→ Records for the task:
++++

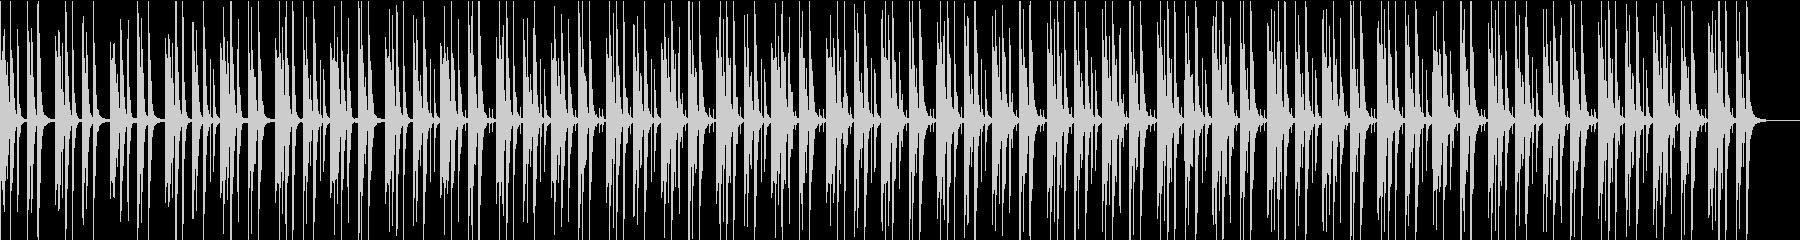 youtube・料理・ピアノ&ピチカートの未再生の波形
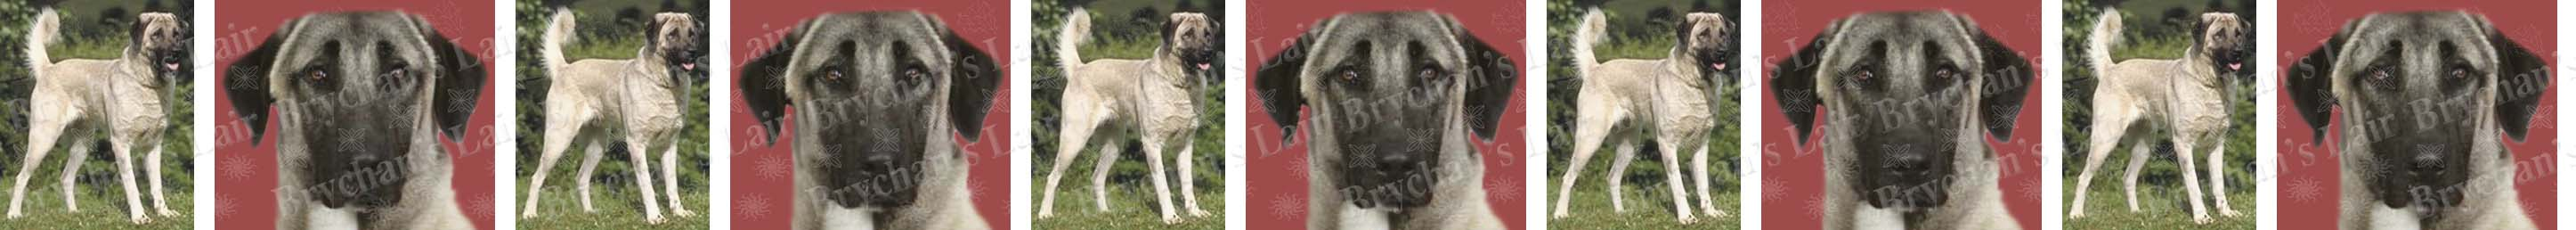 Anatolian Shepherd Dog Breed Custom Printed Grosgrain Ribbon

++++

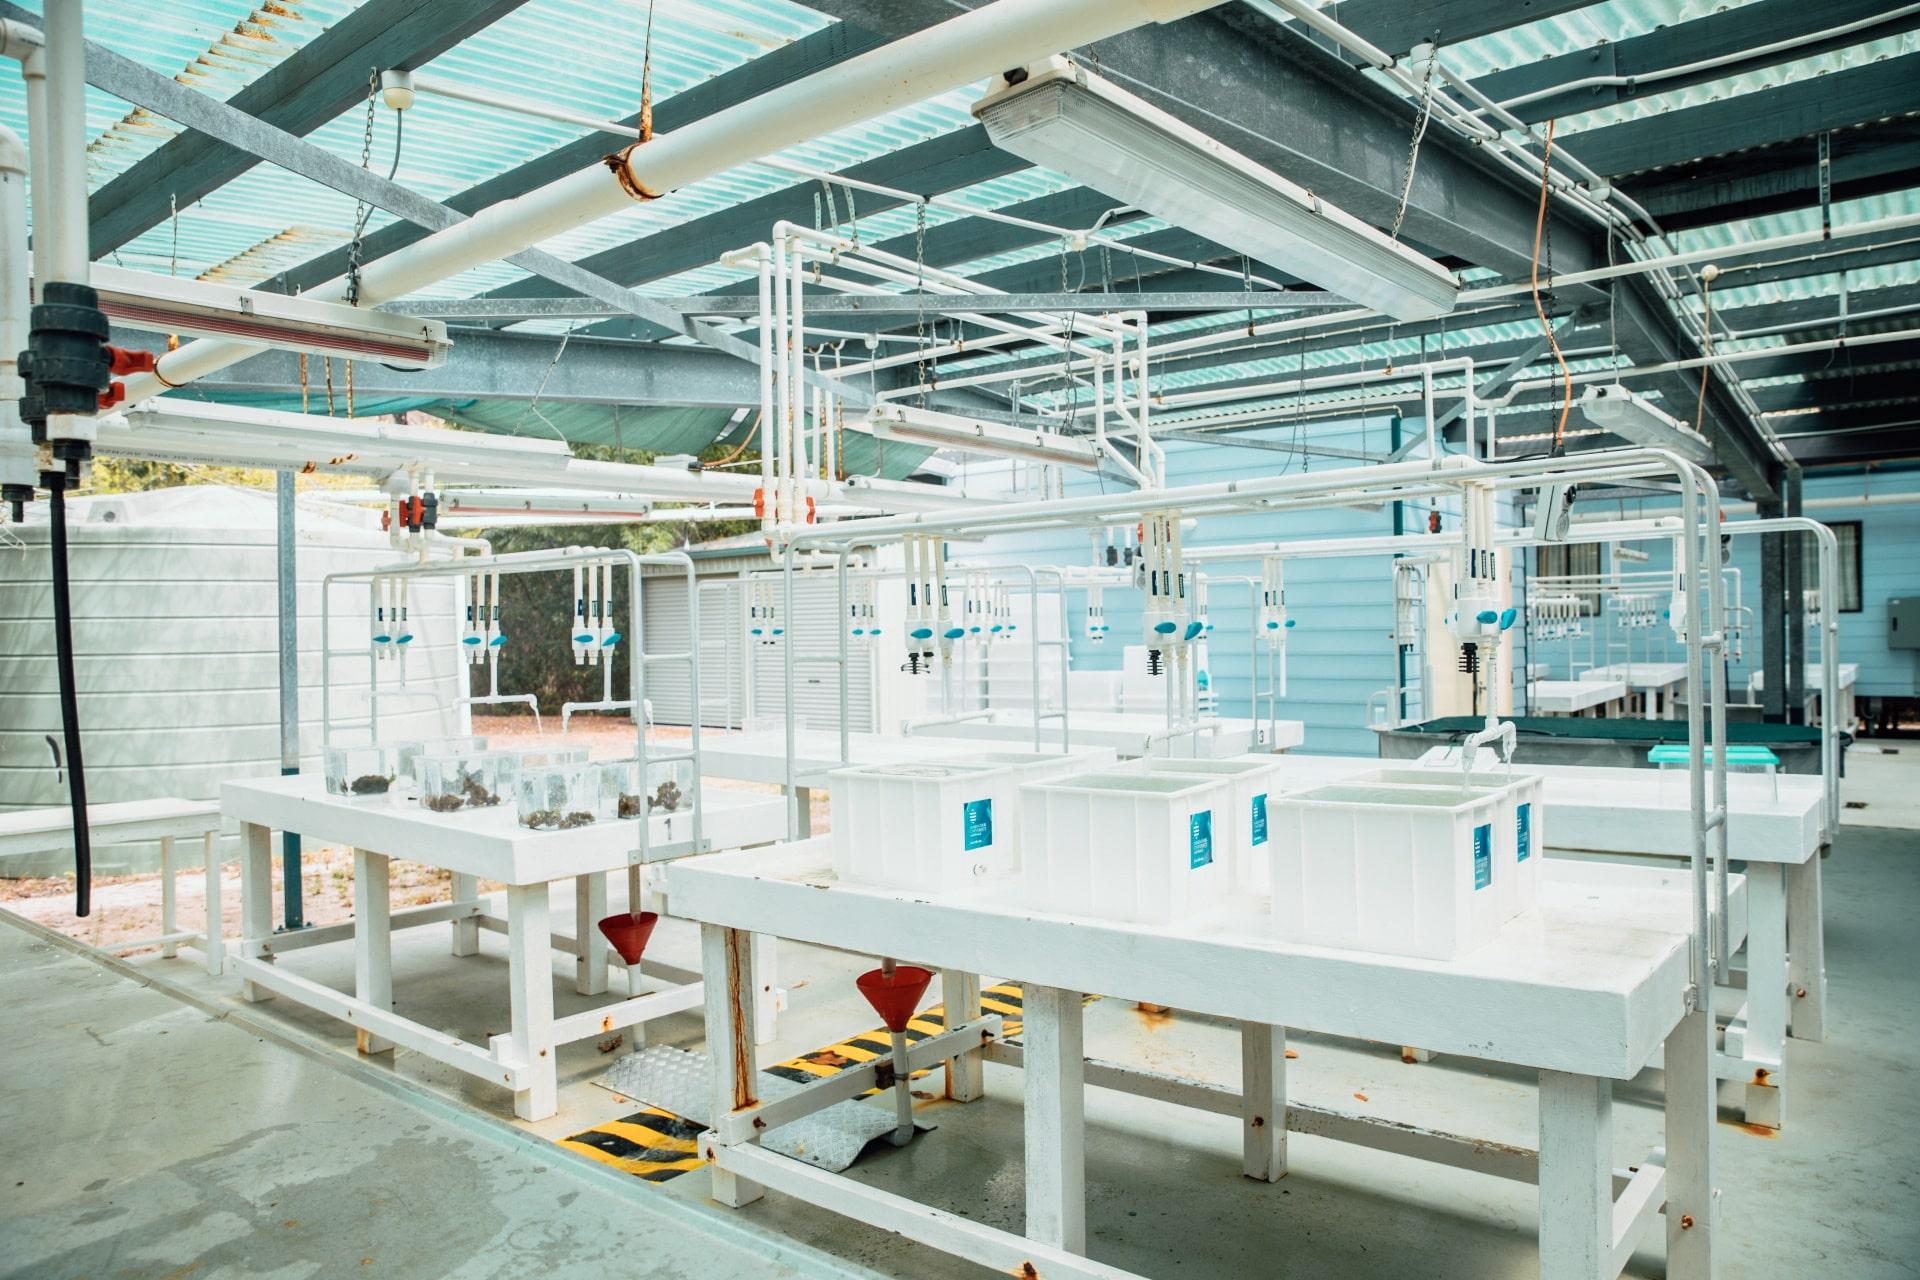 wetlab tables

++++

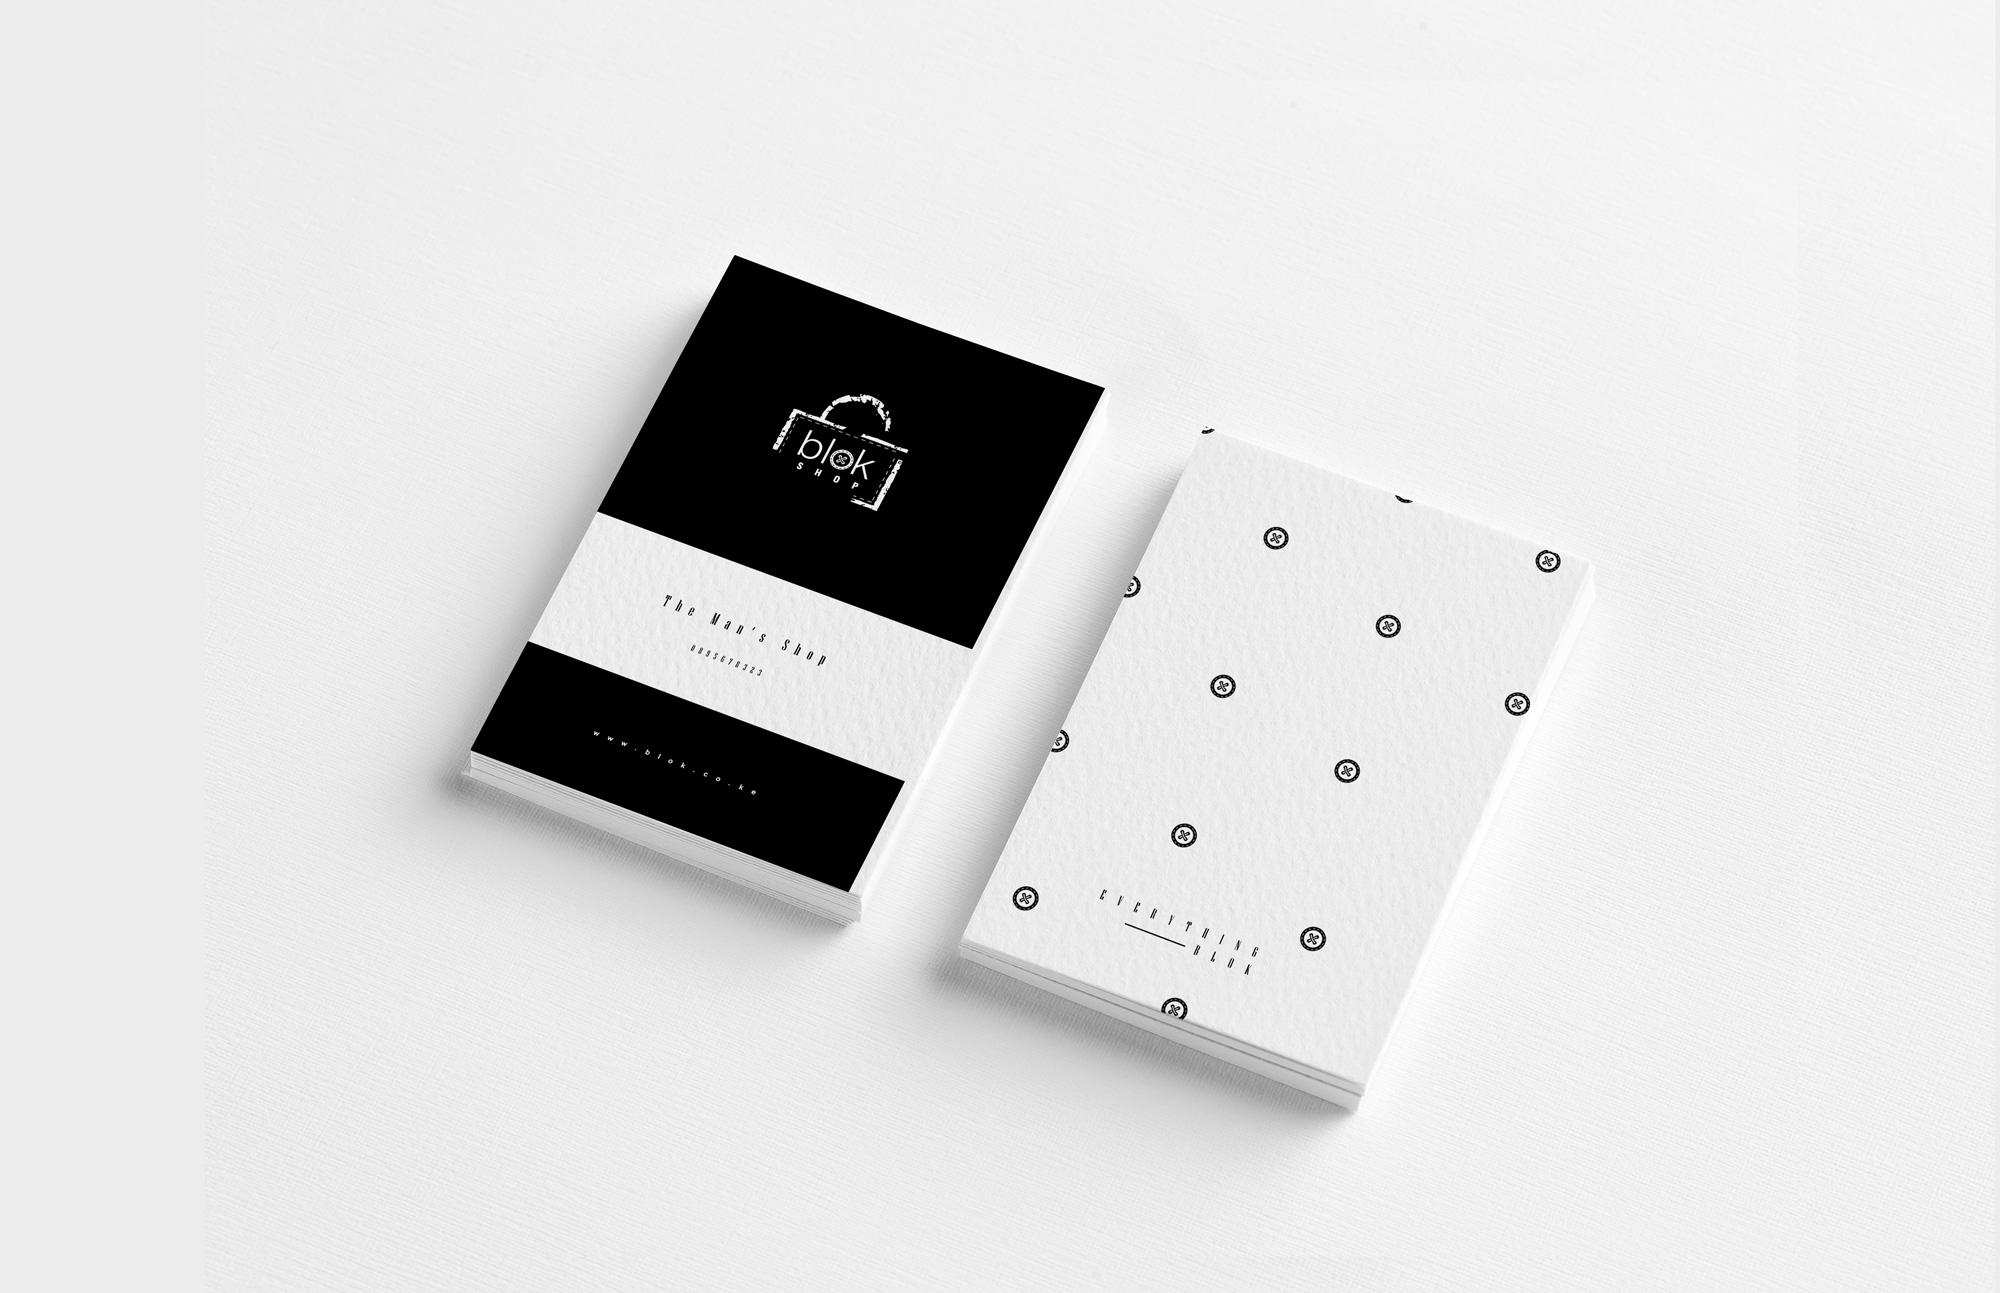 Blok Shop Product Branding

++++

→ About this exercise:
Please output, exactly as written, the lines above from the one holding "youtube・料理・ピアノ&ピチカートの未再生の波形" through the one holding "Anatolian Shepherd Dog", both included, with the pictures omitted.

→ Problem solution:
 youtube・料理・ピアノ&ピチカートの未再生の波形
 Anatolian Shepherd Dog Breed Custom Printed Grosgrain Ribbon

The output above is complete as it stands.